#### [Description of the task]
Looking at the listing below, retype exactly the lines starting at the one containing "Das Wien-Museum am" and ending at the one containing "Starbucks koffie snelweg A2 corona", both included, and nothing else.
━━━ Data excerpts
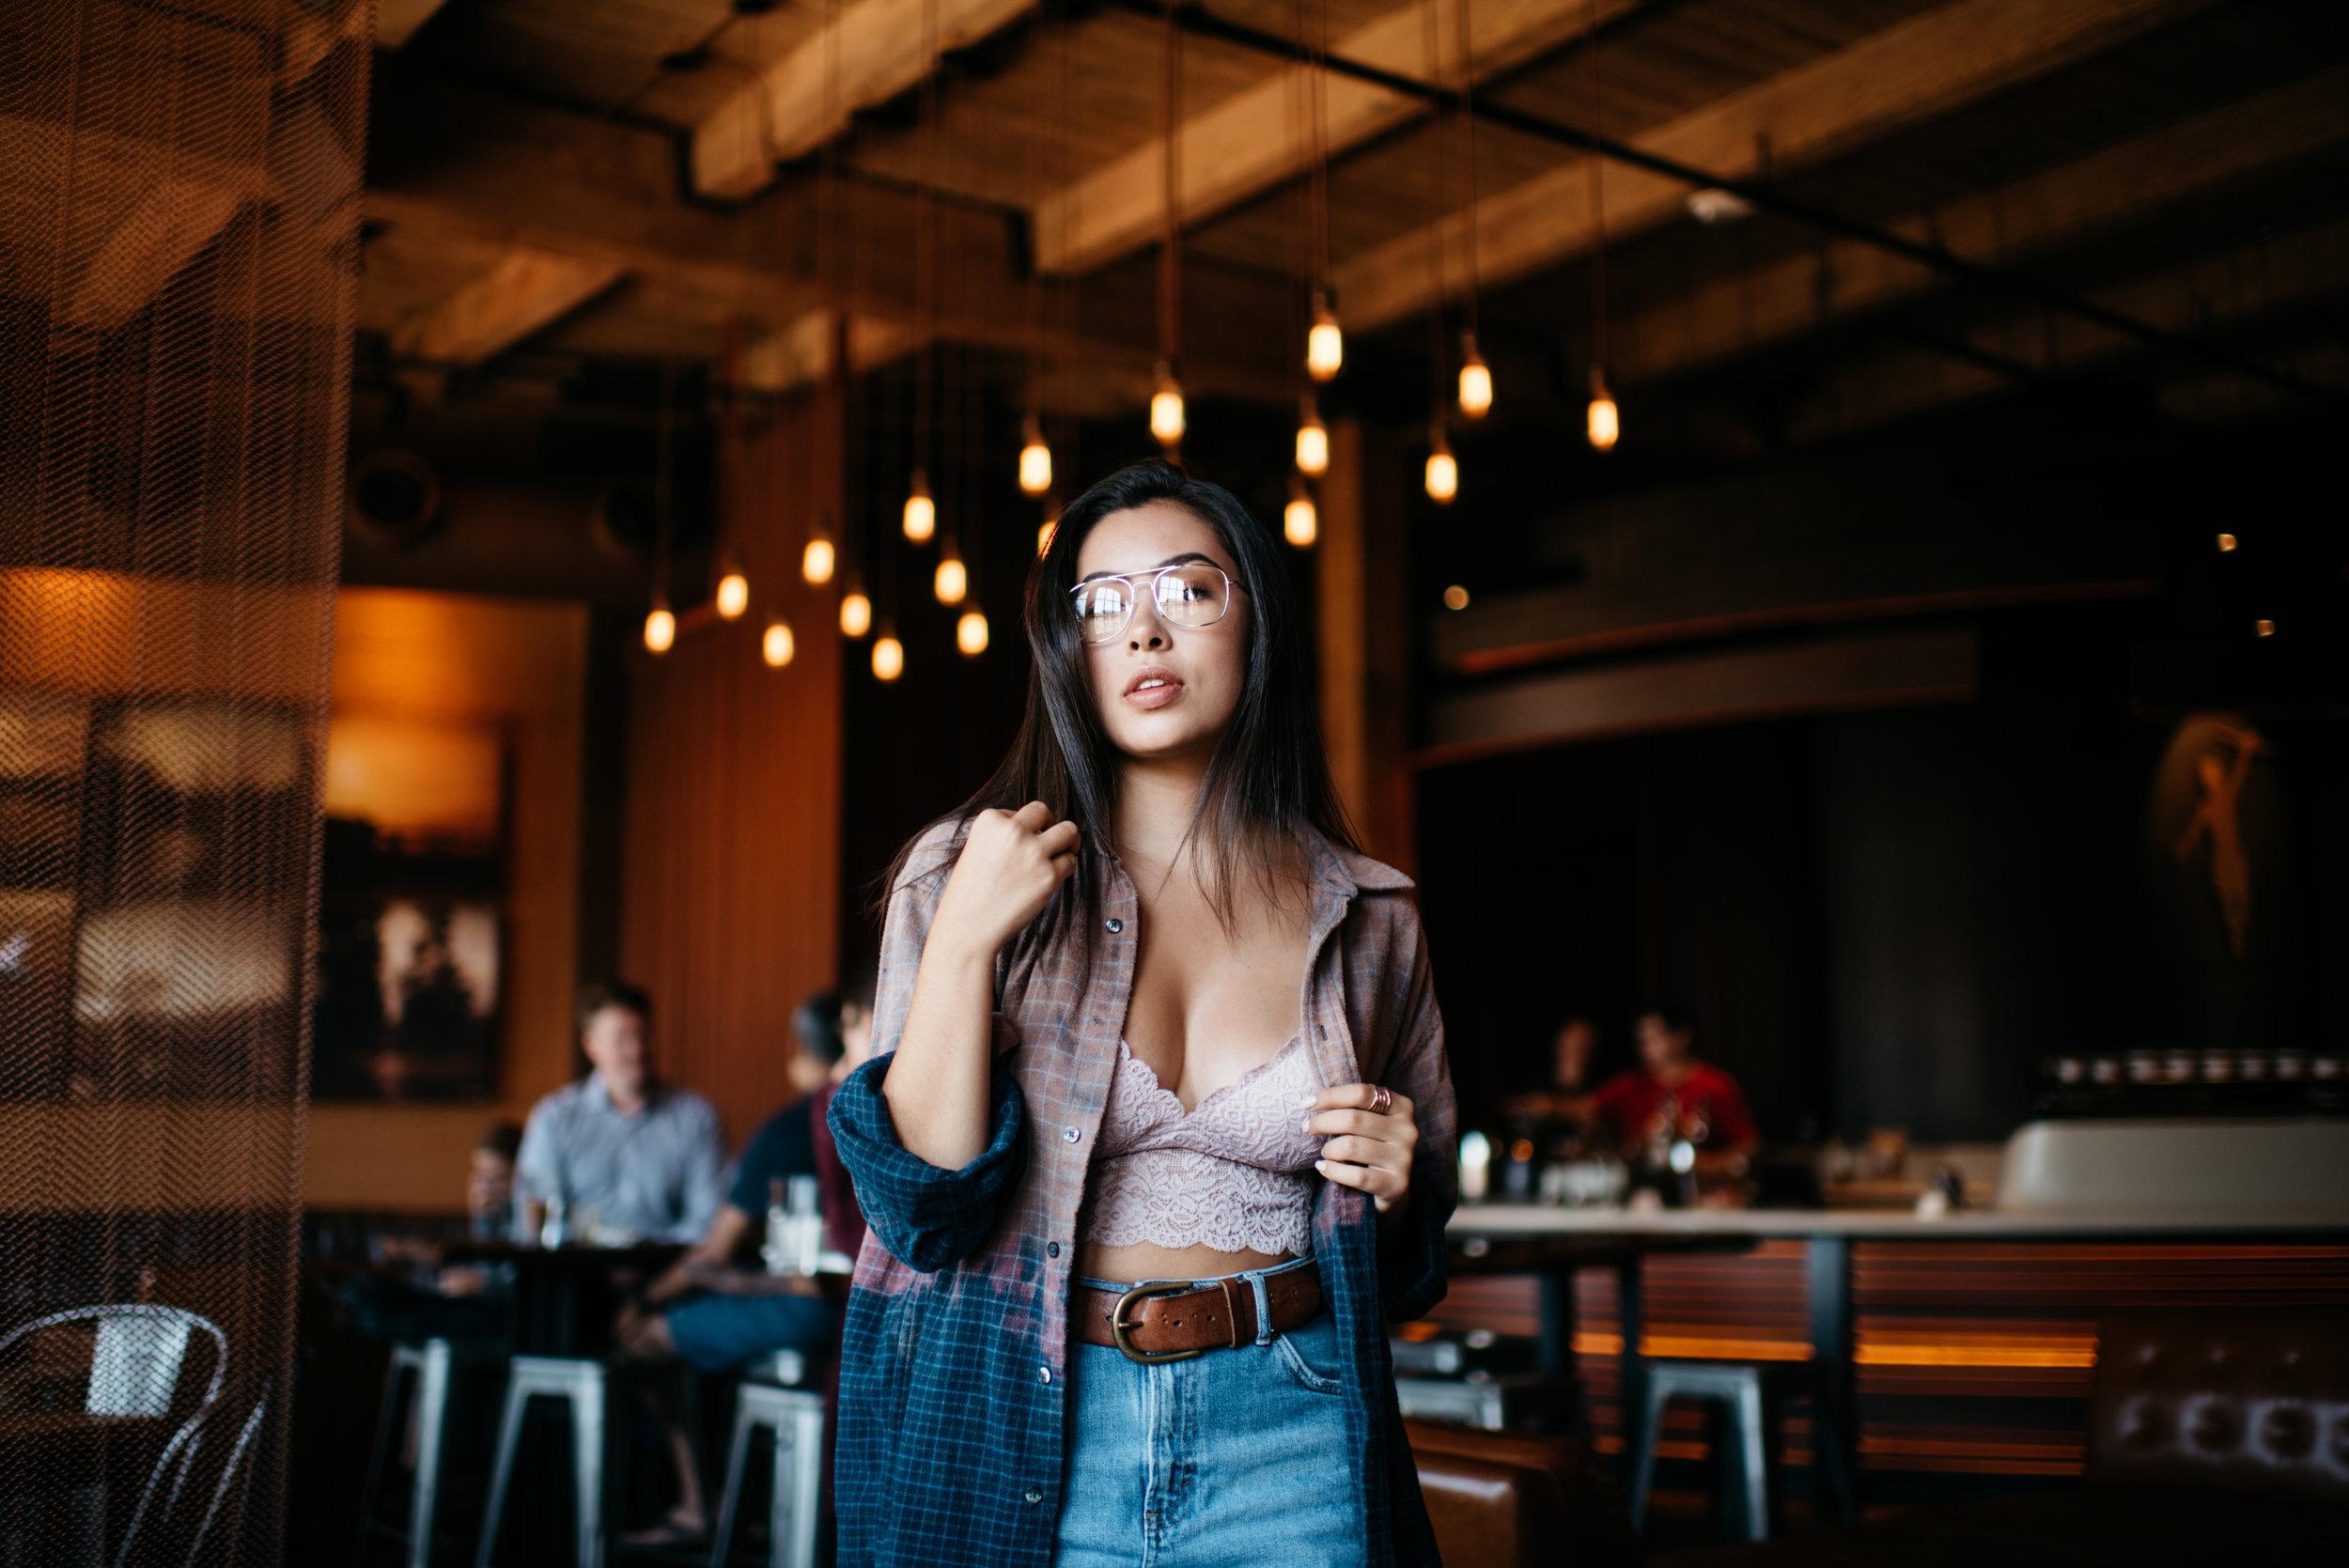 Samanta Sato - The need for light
━━━━━━
━━━ Data excerpts
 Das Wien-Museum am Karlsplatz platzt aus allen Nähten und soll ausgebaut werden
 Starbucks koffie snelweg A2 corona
━━━━━━
━━━ Data excerpts
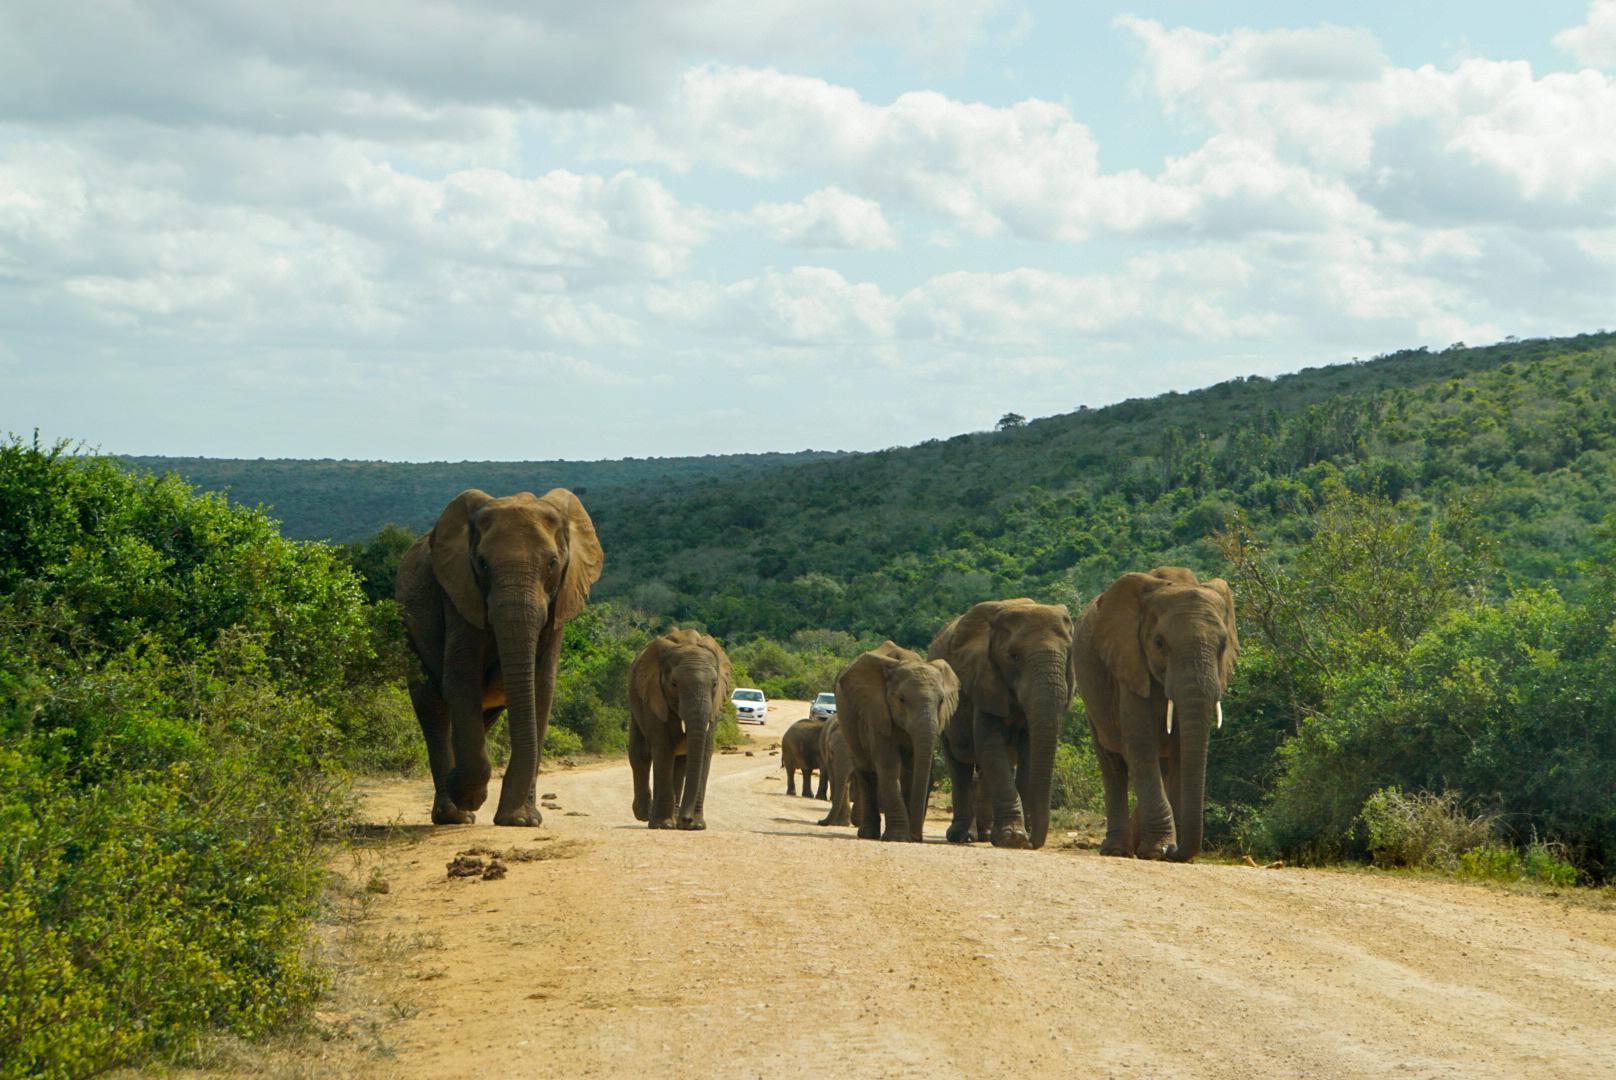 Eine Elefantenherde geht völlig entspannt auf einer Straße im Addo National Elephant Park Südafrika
━━━━━━
#### [Task output]
 Das Wien-Museum am Karlsplatz platzt aus allen Nähten und soll ausgebaut werden
 Starbucks koffie snelweg A2 corona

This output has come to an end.